When it comes to IT monitoring, many picture graphs and logs. But over the last couple of years, this field has undergone a major shift – and it is not just about new tools, but how specialists approach the work itself.
Elastic – the company behind data search and analytics solutions – conducted a survey among observability leaders. The results show that in 2026, two directions stand out: generative AI (GenAI) and the OpenTelemetry standard.
What is Observability and Why It Is Important for IT Monitoring
What is observability anyway, and why does it matter?
Observability is the ability to understand a system's internal state based on its external data, even when it consists of many complex components. Simply put, it is not just monitoring in the vein of «up or down», but the ability to figure out why something went wrong, even if the problem is not obvious.
In the past, specialists collected logs, metrics, and traces (execution paths) using different tools that were often incompatible with one another. This created problems: data was stored in different silos, it was hard to correlate, and implementing a new solution could require rewriting parts of the code.
OpenTelemetry as a Standard for System Performance Data Collection
OpenTelemetry: An attempt to bring order to the chaos
OpenTelemetry is an open standard for collecting telemetry (data about system performance). The idea is simple: instead of every vendor coming up with their own format, the industry has agreed on a common approach. This means a developer can set up data collection once and then send it to various monitoring systems without any retooling.
The survey showed that in 2026, OpenTelemetry has become a top priority. This makes sense: standardization makes life easier, especially as architectures become increasingly distributed.
For engineers, this means less time spent on tool integration and more time spent analyzing the actual behavior of applications. Furthermore, moving to a single standard reduces «vendor lock-in»: if you need to switch monitoring platforms, you will not have to rewrite your code from scratch.

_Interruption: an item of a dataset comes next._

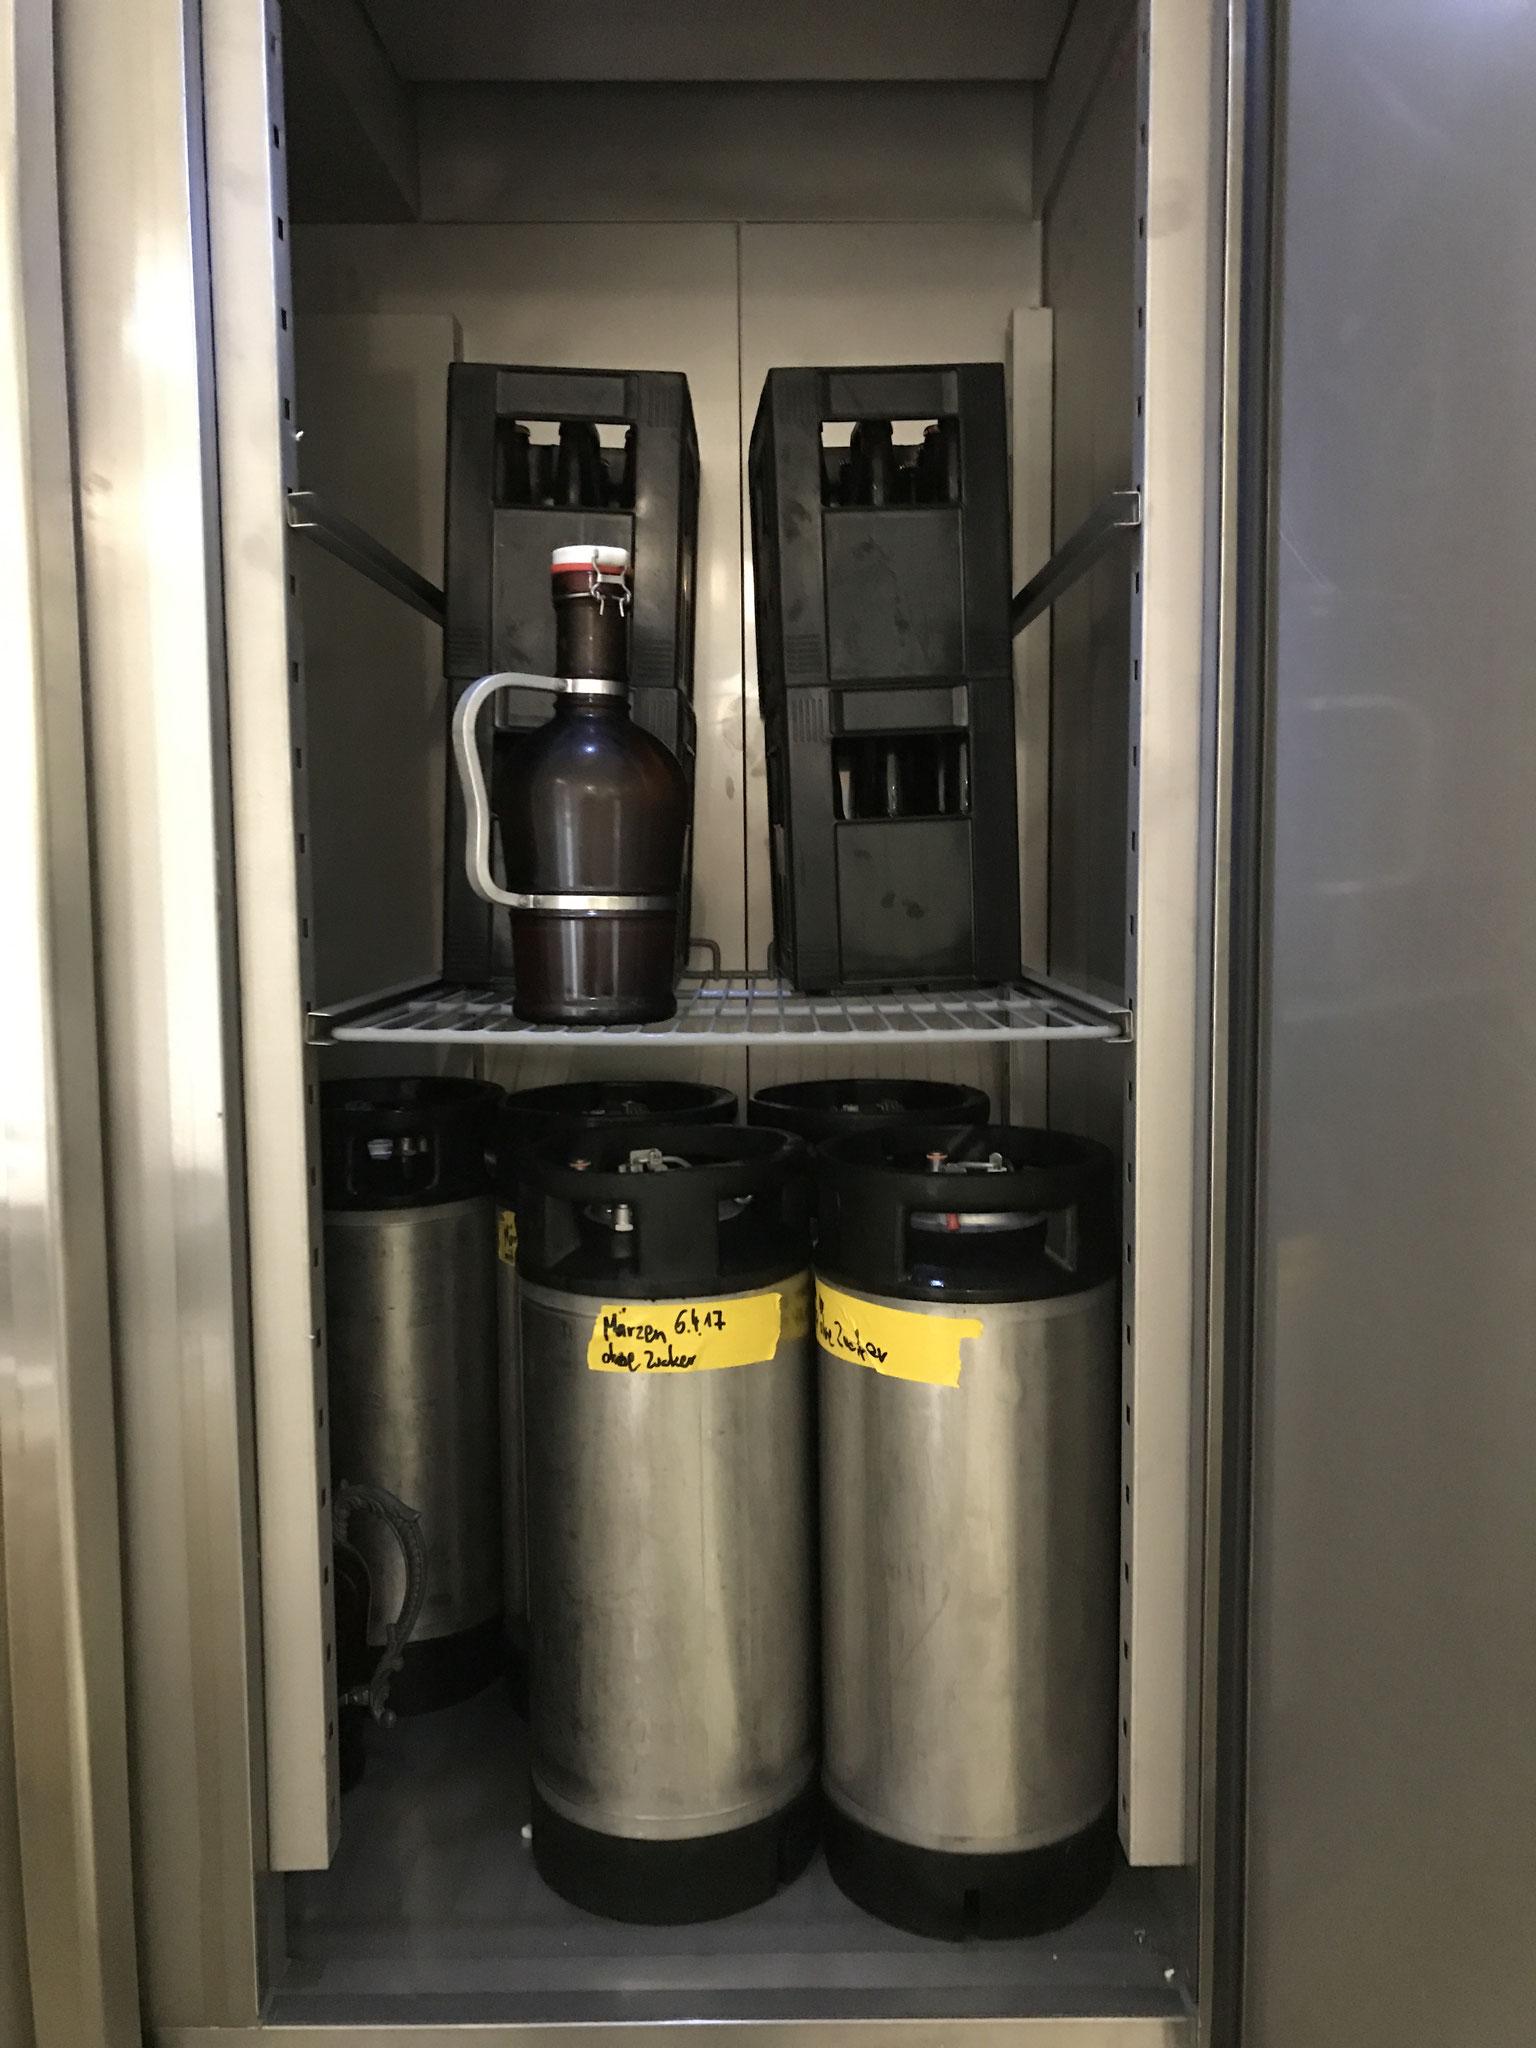 Nach 7 bis 10 Tagen im Gärtank wird das Jungbier in die verschiedenen Behältnisse abgefüllt und im Kühlschrank für mehrere Wochen gelagert.

Role of Generative AI in Observability and Incident Diagnostics
GenAI enters monitoring – but why?
The second major trend is the use of generative AI in observability tasks. This is not about replacing specialists with neural networks, but about helping them cope with the growing volume of data and speeding up incident diagnostics.

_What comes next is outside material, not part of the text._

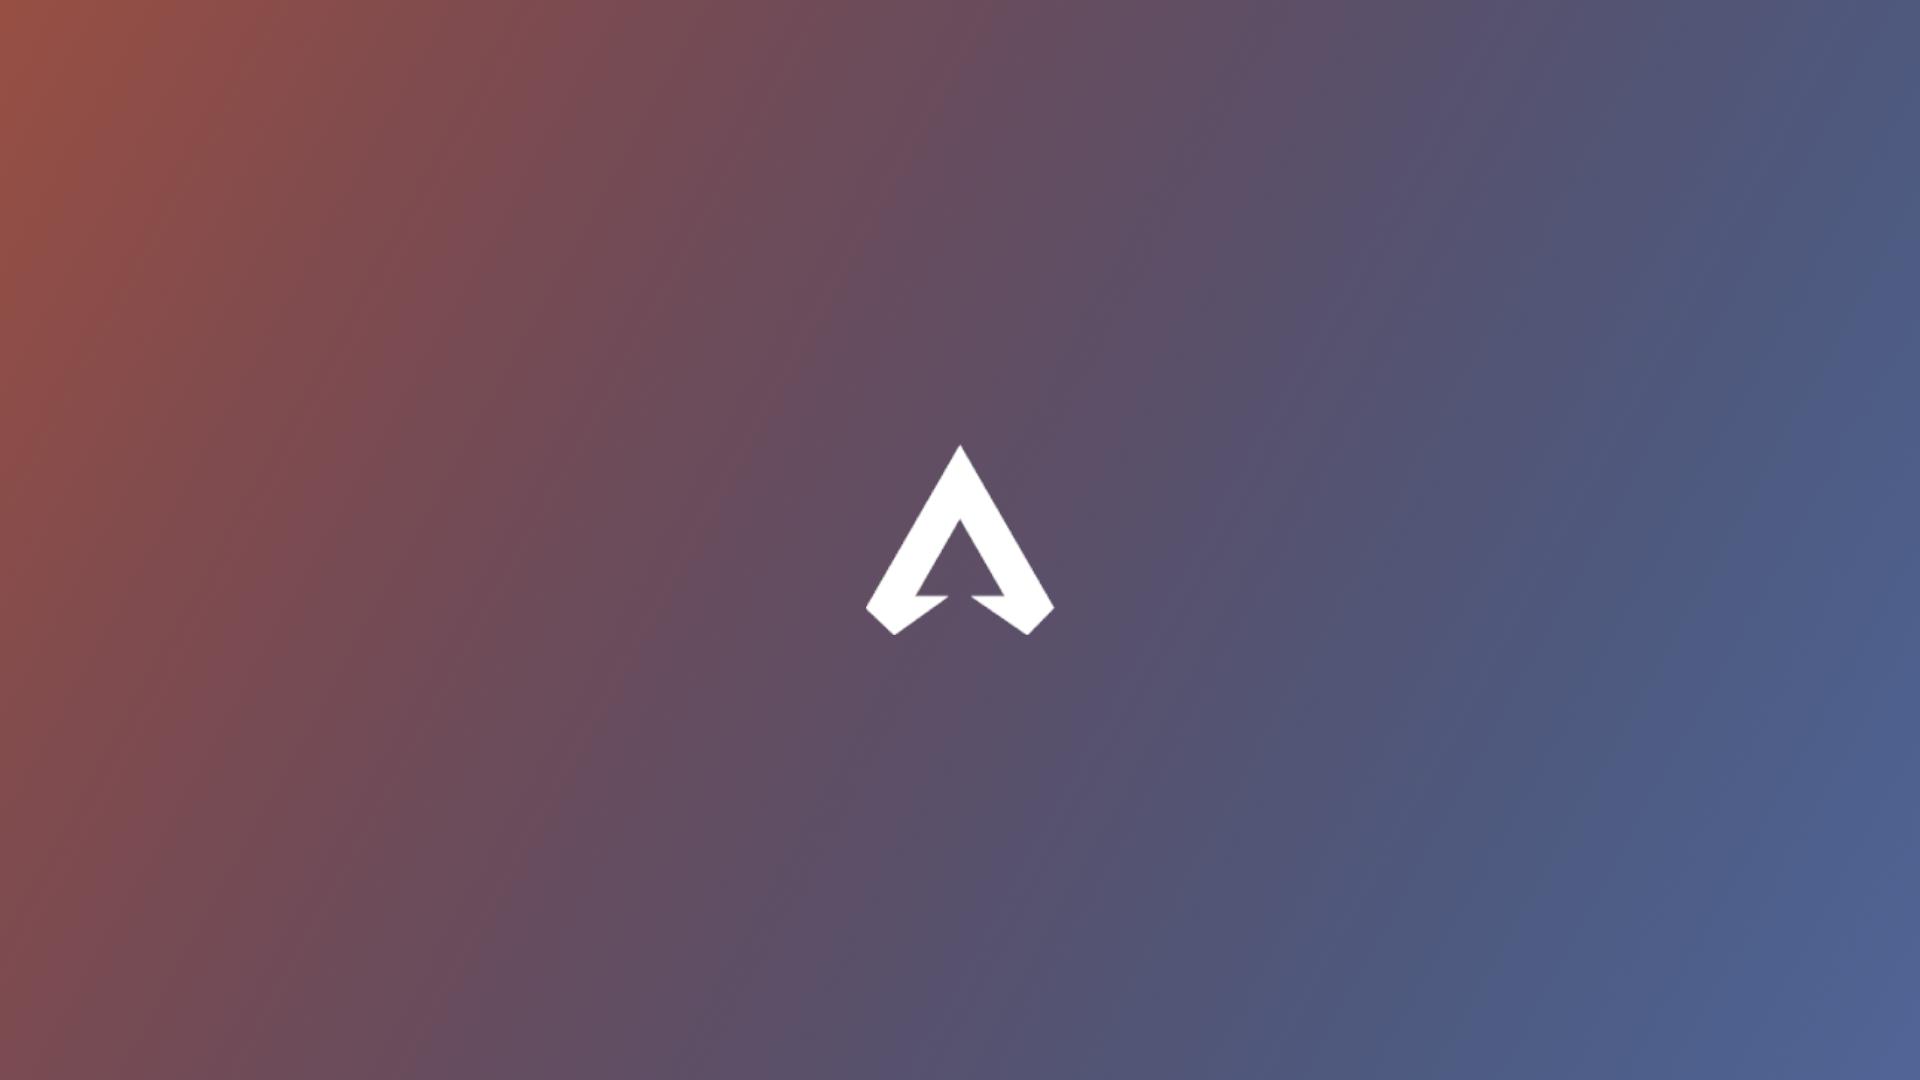 apex legends logo hd wallpaper 72677

Imagine a system goes down in the middle of the night; the on-call engineer opens the logs and sees thousands of lines. They need to quickly understand exactly where the error occurred. GenAI can help by analyzing anomalies, suggesting hypotheses for the root cause, drafting search queries, or even pointing out which metrics to check first.
The survey indicates that companies are actively experimenting with such tools. For now, it is more of a supporting role – AI does not make decisions on its own, but it significantly accelerates human performance. This is critical in an environment where systems are getting more complex, while headcounts do not always grow in proportion to the load.

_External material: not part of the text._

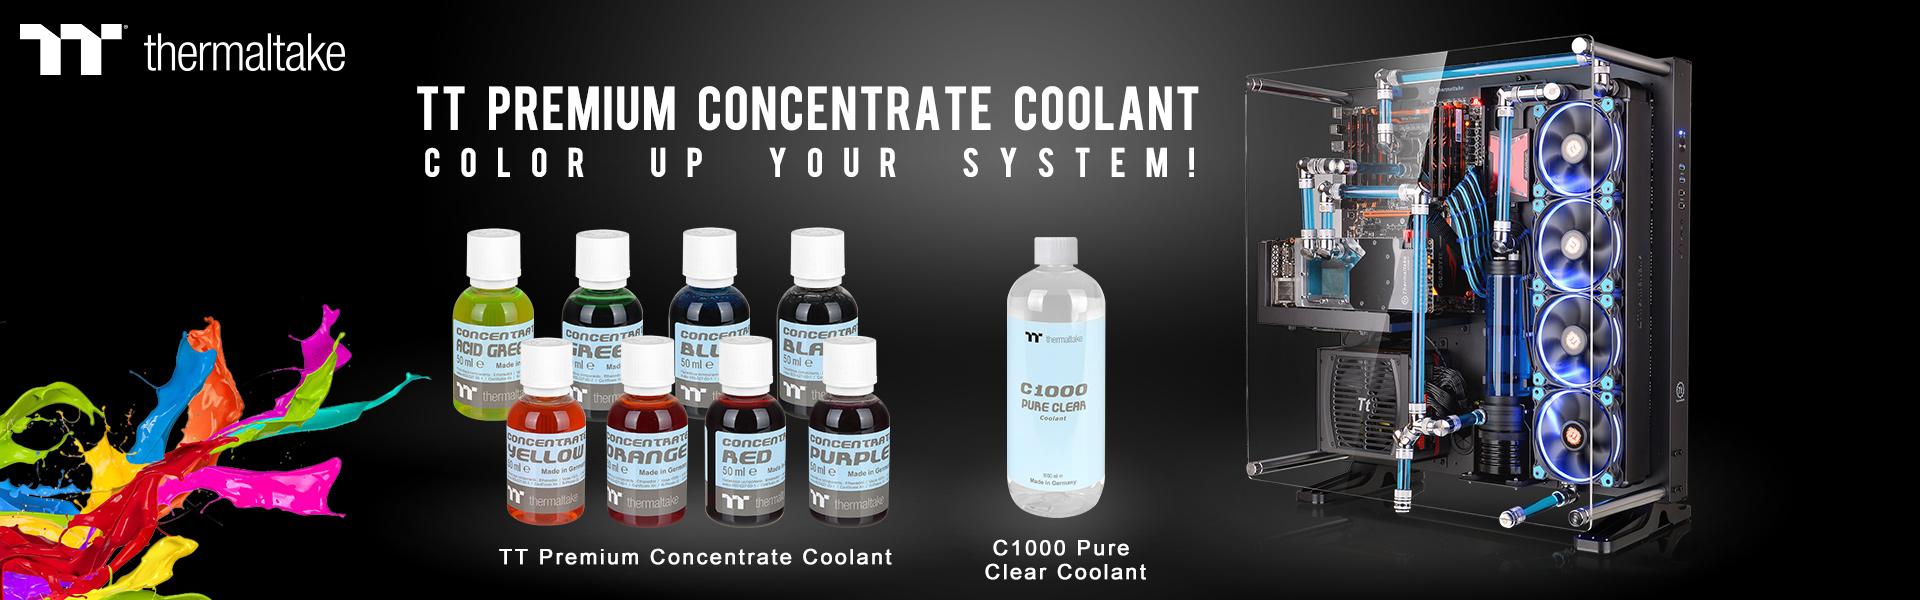 曜越TT Premium Concentrate水冷濃縮液系列及C1000透明水冷液,全新選擇、自由調配,打造流光溢彩的水冷散熱系統!
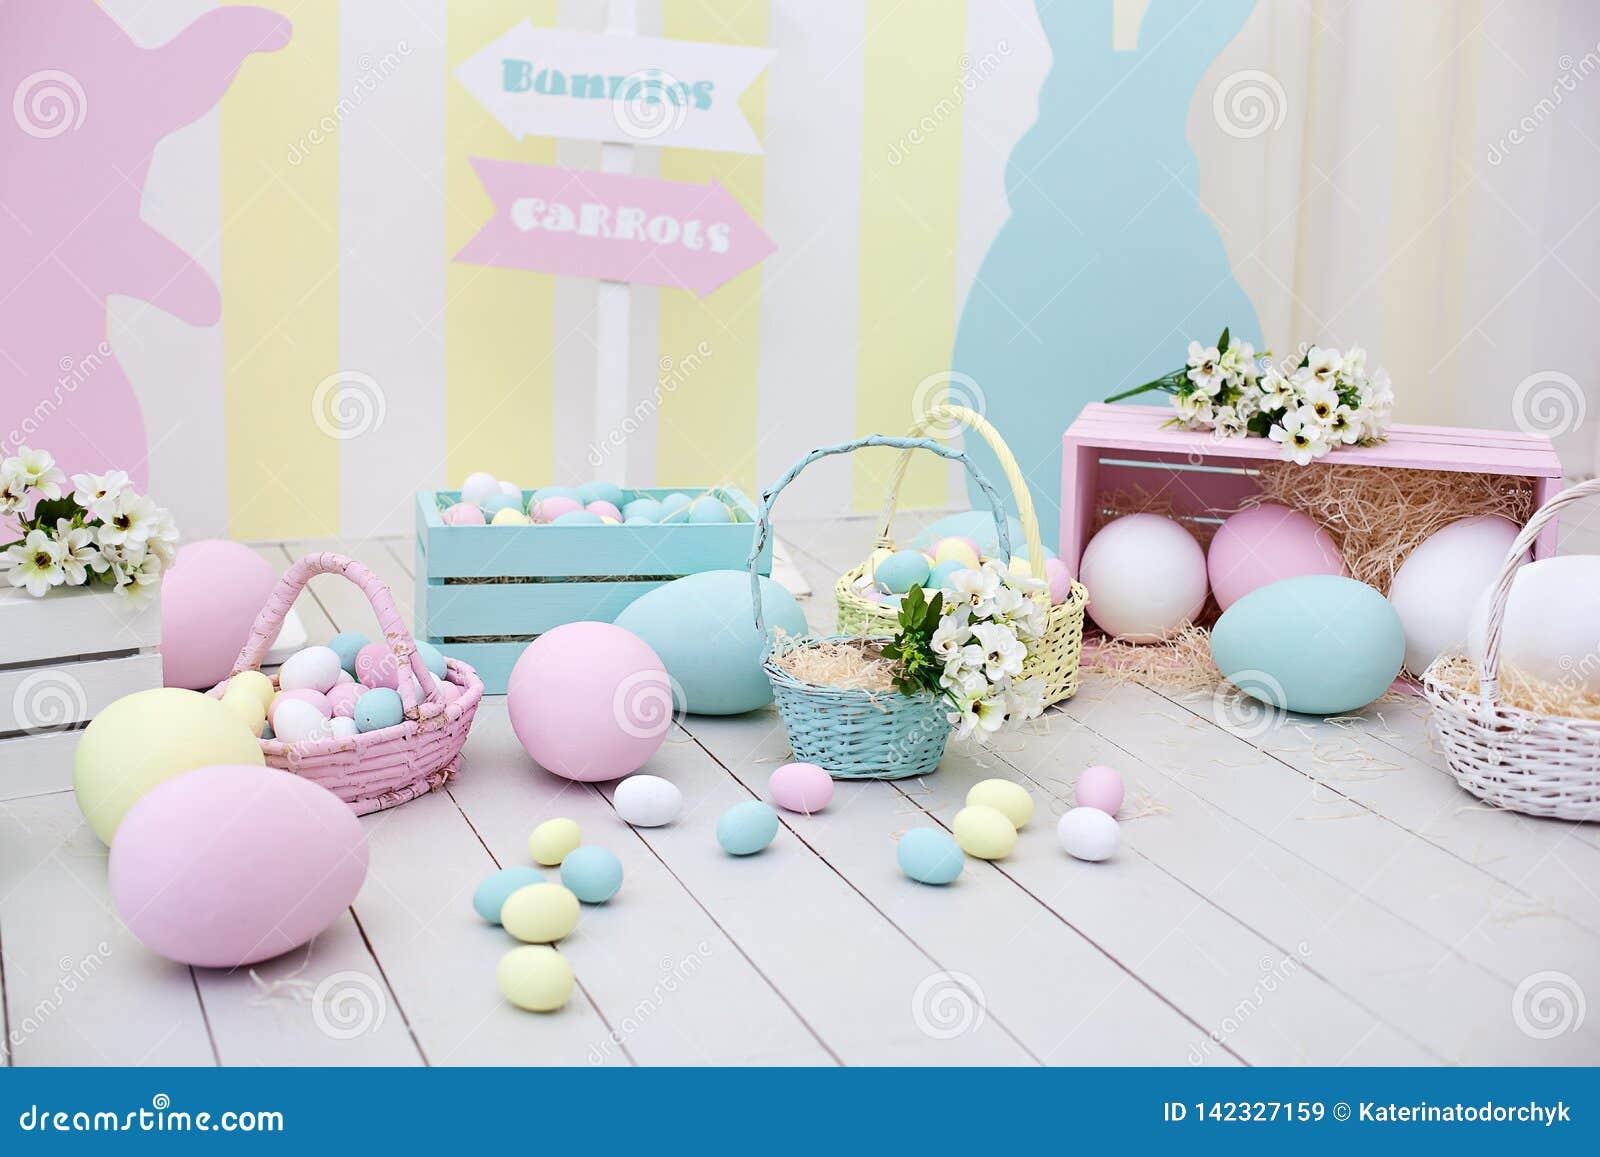 Ντεκόρ Πάσχας και άνοιξη Μεγάλα πολύχρωμα αυγά και λαγουδάκι Πάσχας

Impact of Standardization and AI on the Future of Observability
What this means for the industry
Looking at the bigger picture, these two trends reflect a general shift in the approach to system operations.
OpenTelemetry is about standardization and long-term sustainability. Instead of choosing a tool and being tied to it forever, companies gain the flexibility to adapt to changes. This is especially relevant for organizations working with cloud platforms and microservices, where the number of «moving parts» can reach the hundreds.
GenAI, in turn, is responsible for efficiency. Modern systems generate colossal volumes of data, and parsing them manually is becoming increasingly difficult. AI does not solve every problem, but it takes over the drudgery: preliminary analysis, identifying patterns, and assisting with complex queries.
It is important to understand that neither direction is a «silver bullet». OpenTelemetry requires investment at the implementation stage, and not all legacy tools support it equally well. GenAI in observability is still a relatively young field, and engineers are only just finding their footing to see where it is truly useful and where it creates unnecessary complexity.
Challenges and Unresolved Questions in Modern Observability Adoption
What remains unclear
The survey captured the trends but left several practical questions open. For example, how are companies managing the migration to OpenTelemetry if they already have established processes? What specific tasks does GenAI handle best, and in which cases does it only complicate the situation?
Furthermore, there is the question of how technology evolves. Standards may update, and AI tools can both improve and reveal their limitations in real-world conditions. Right now, the industry is in a phase of active experimentation.
In any case, the Elastic data confirms that observability is ceasing to be a purely infrastructural task. It is a field where standardization, automation, and intelligent data processing intersect – and that is exactly what makes it one of the most interesting areas to watch in the coming years.